I am sure we will find a solution to the tax issue that will make most happy, however, I am not sure that we will fix the spending habits of our governments that have a use it or lose it philosophy. In reality, our taxes are really not that bad compared to other parts of the country, but they will get worse when the spending has overcome the revenue and millage rates are further increased. The real change needs to be made in how our g-ment spends there money.
Everyone looses in the end.
OK this is what happens when you own and rent out a rental property to your family and friends that can't afford to buy a house yet.
First someone buys the property; let's say you buy it before the property has increased, maybe back in the year 1997. Maybe you were break even with your cash flow on the property. So this owner bought low. And now after all the major increases in taxes (because they don't have a cap raises to what the appraiser says that it's worth 100%) you are then 3,000 dollars negative a month. So then you have to increase rents, which the market can't bare, so then the owner can't afford to fix up the property because of the negative cash flow. So basically the tax increases are causing rents to go up and substandard living for renters, because the owners can't afford to fix them up. And it's going to keep getting worse if you don't change the tax rate for rental property. If you don't open up the market to investors more and more property is going to go on the market and really lower your properties worth. Plus if you want to move and you can't sell you home and want to rent it out. Your property taxes will increase to 100% of what the property is worth. So basically you're stuck in your home forever, because you won't be able to sell it, no one wants to buy into this crazy tax structure.
Dear Bonnie,
Unfortunately, if the amendment fails, I don't believe there will be ANY tax reform down the road.
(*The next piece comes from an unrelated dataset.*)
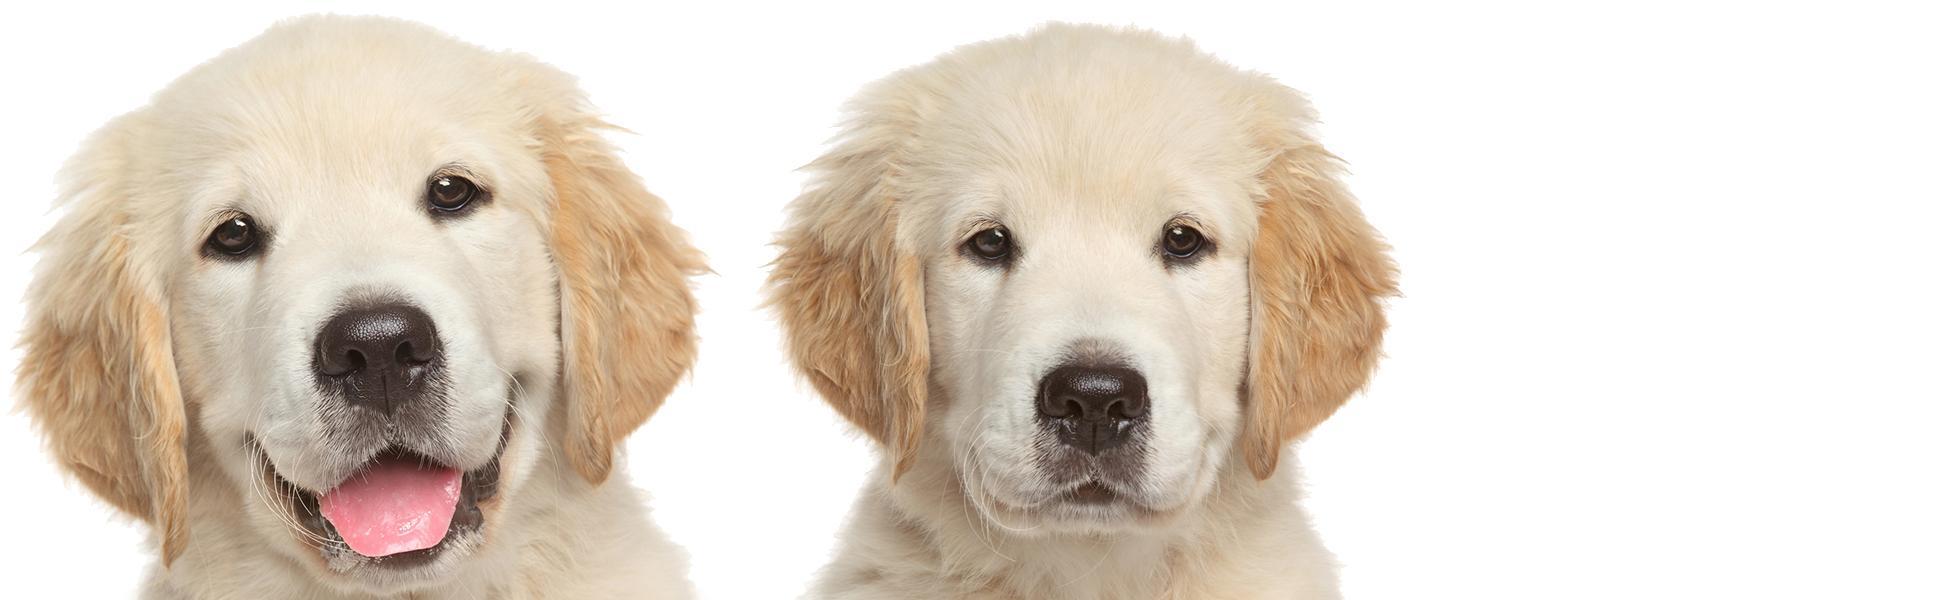 Amazon Com The Blissful Dog Golden Retriever Nose Butter 2 Ounce
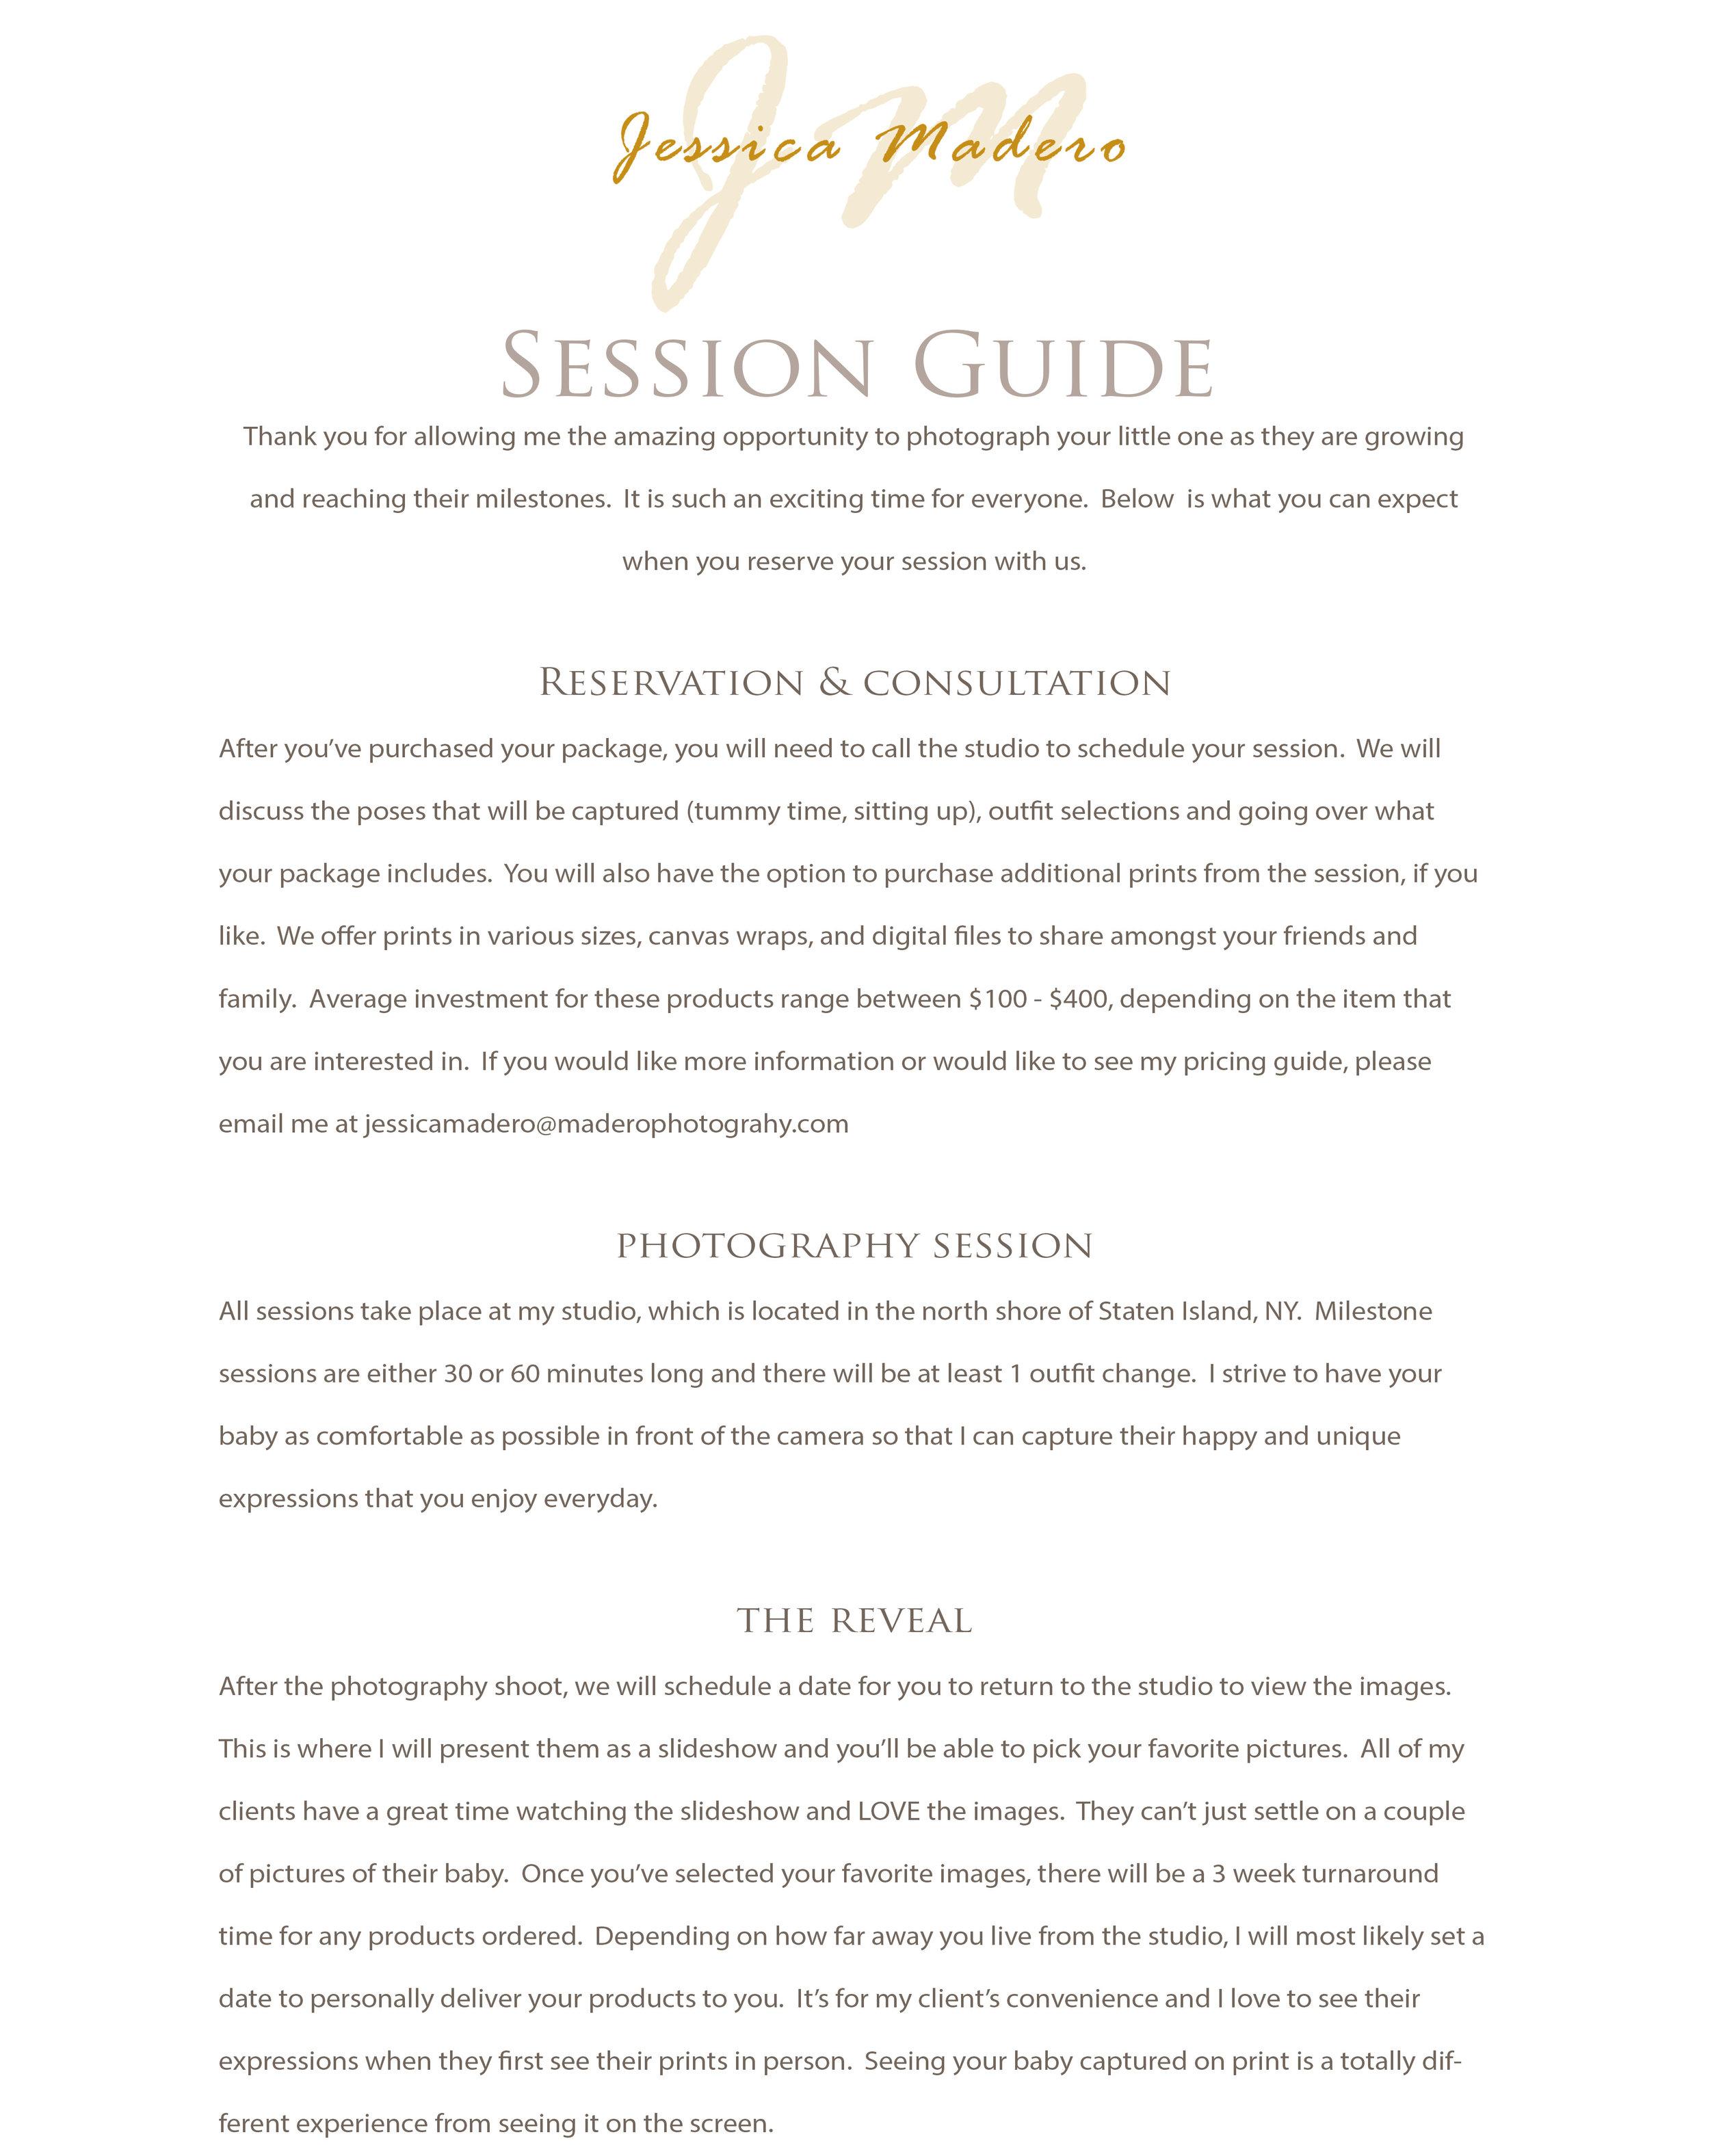 groupon prep guide - Copy.jpg

Here's why > The lawmakers who opposed this amendment (the reason it got so watered down), local governments and the media will:
#1) at best - claim it proves people don't really want ANY tax reform
#2) at worst - claim it is a mandate for higher taxes!
I could not even come close to passing my amendment capping ALL real property taxes at 3% - I couldn't even get five other senators to raise their hands to get a roll call vote on it!
Sure every lawmaker says he or she wants "Tax Reform." The fact is that "Tax Reform" means different things to different people/lawmakers. An early proposal for "Tax Reform" put forth by one political party actually would have increased taxes.
Do I like the situation? Heck no - but unfortunately, it is an ugly reality that helps make me appreciate my term limit.
Best always,
Bill Posey
Here is the letter I wrote To Bill Posey that he responded to above: POSEY.BILL.WEB
Subject: Dear Bill
You have got to be kidding me, my taxes went up another $300 PER MONTH!!!! Not per year PER MONTH. This has been going on for 4 years now. Every year it goes up $300 PER MONTH. What am I supposed to do, charge my tenants more money????? They can barely afford what I charge them now. How am I going to fix up my rental unit?????